_SUPPLIED INFORMATION:_

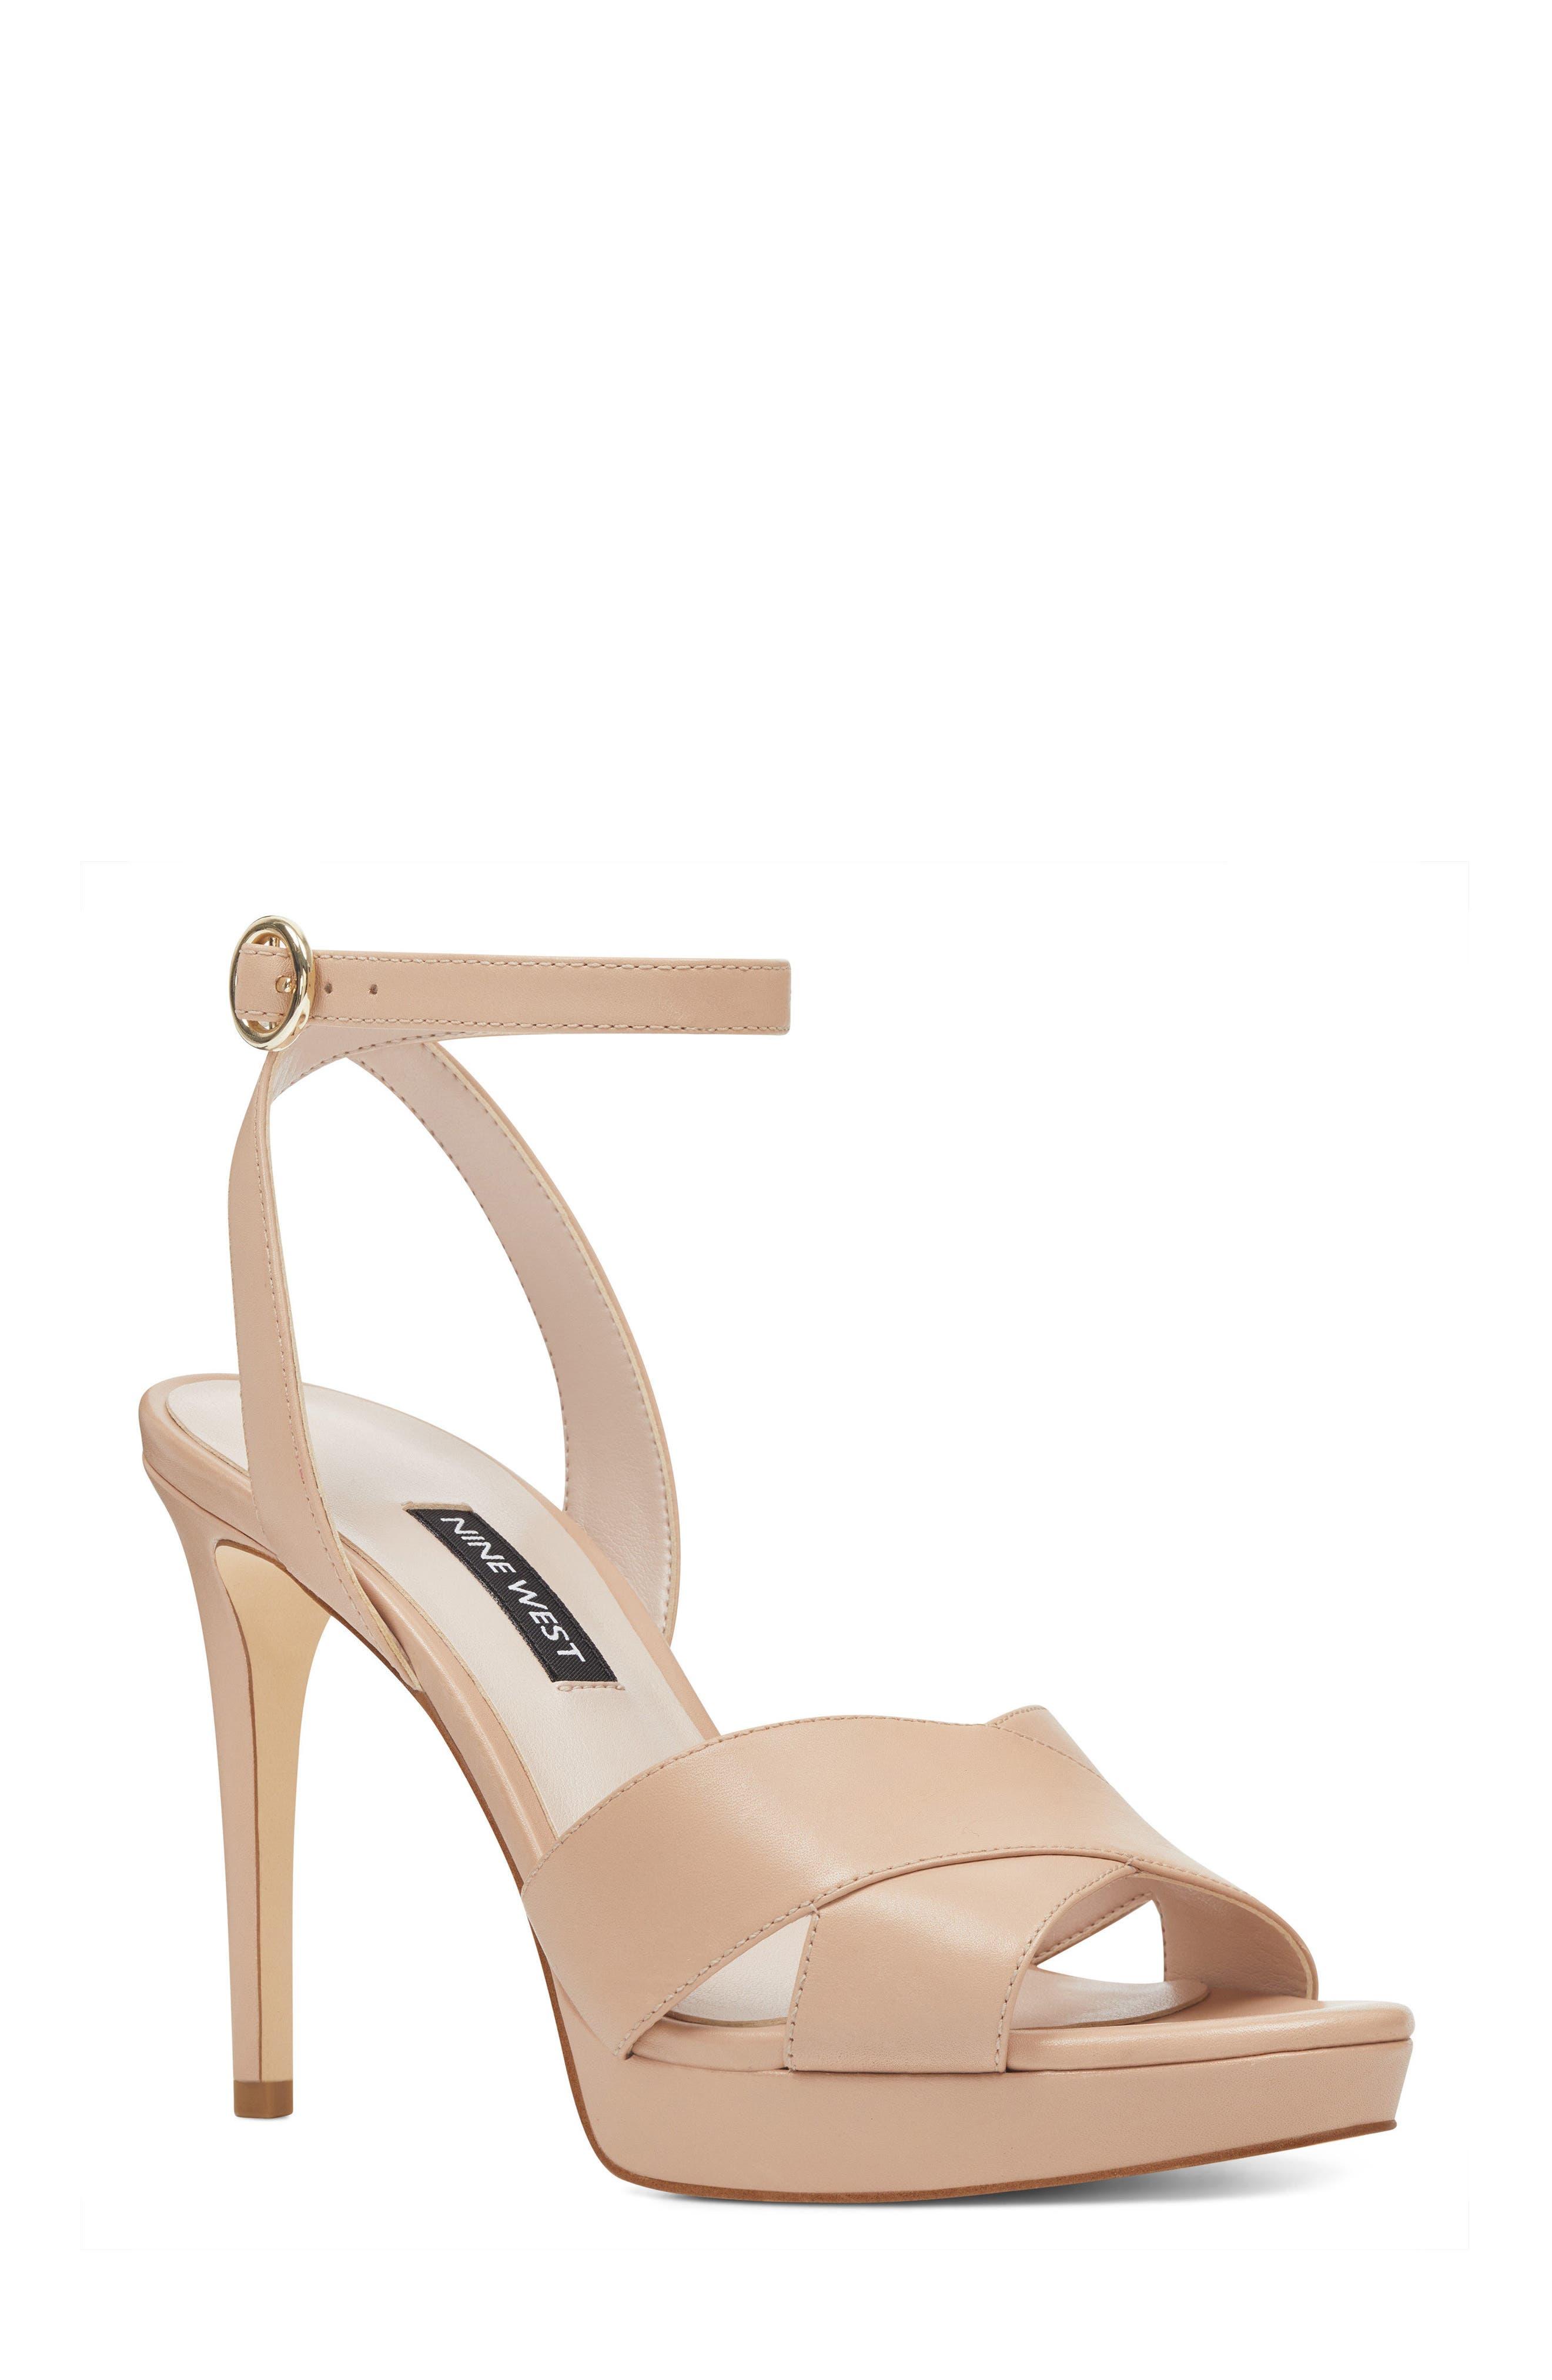 Quisha Ankle Strap Sandal,                         Main,                         color, LIGHT NATURAL LEATHER
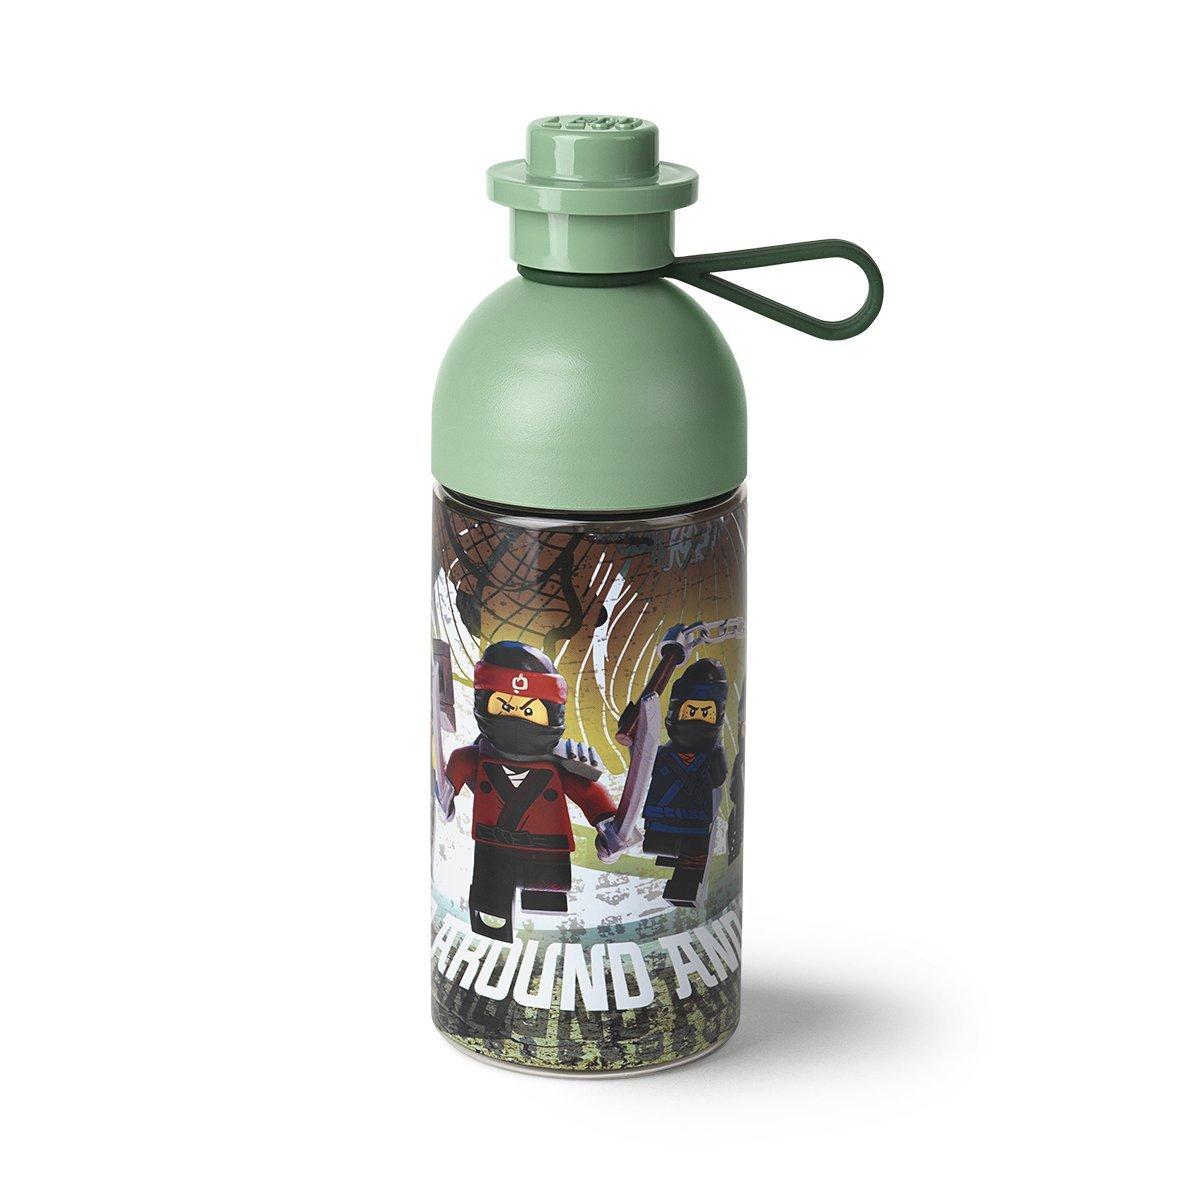 LEGO 40421741 Water Bottle Ninjago Movie Hydration, Olive Green
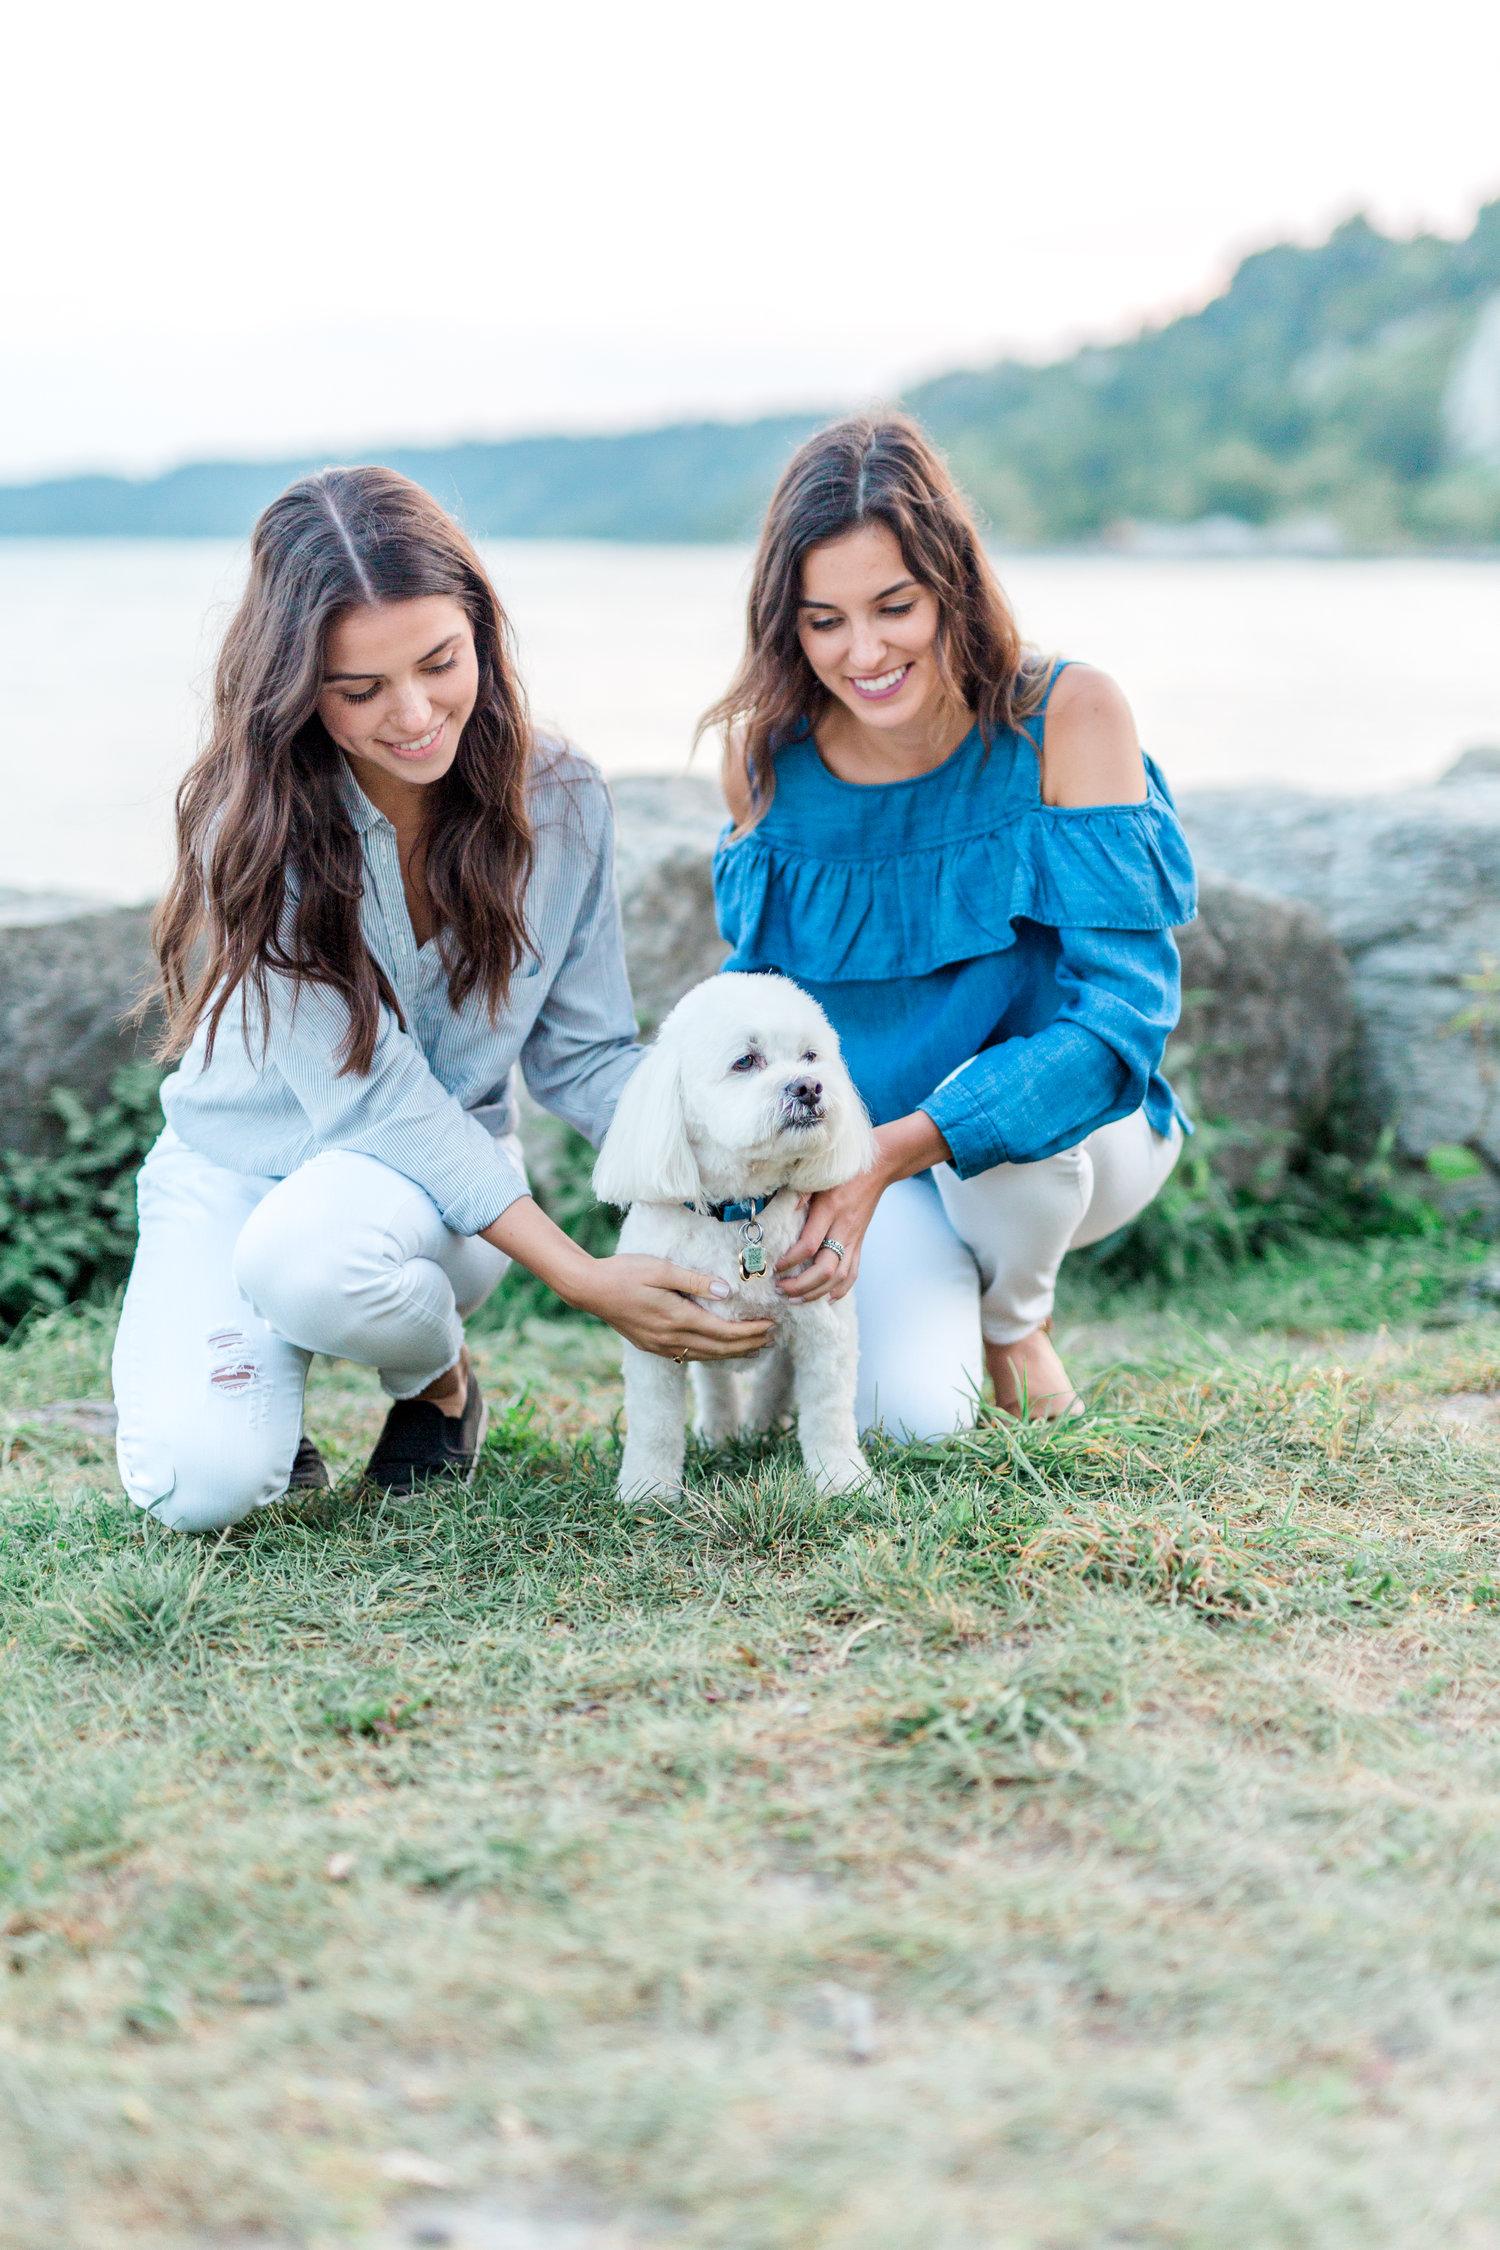 Danielle-Giroux-Amir-Golbazi-Genua-Family-Photography-Scarborough-Bluffs-9929.jpg

_WHAT YOU ARE ASKED TO DO:_ Any picture found in the data is to be skipped while the rest is copied exactly.

_RESULT OF THIS EXERCISE:_
 Quisha Ankle Strap Sandal,                         Main,                         color, LIGHT NATURAL LEATHER
 LEGO 40421741 Water Bottle Ninjago Movie Hydration, Olive Green
 Danielle-Giroux-Amir-Golbazi-Genua-Family-Photography-Scarborough-Bluffs-9929.jpg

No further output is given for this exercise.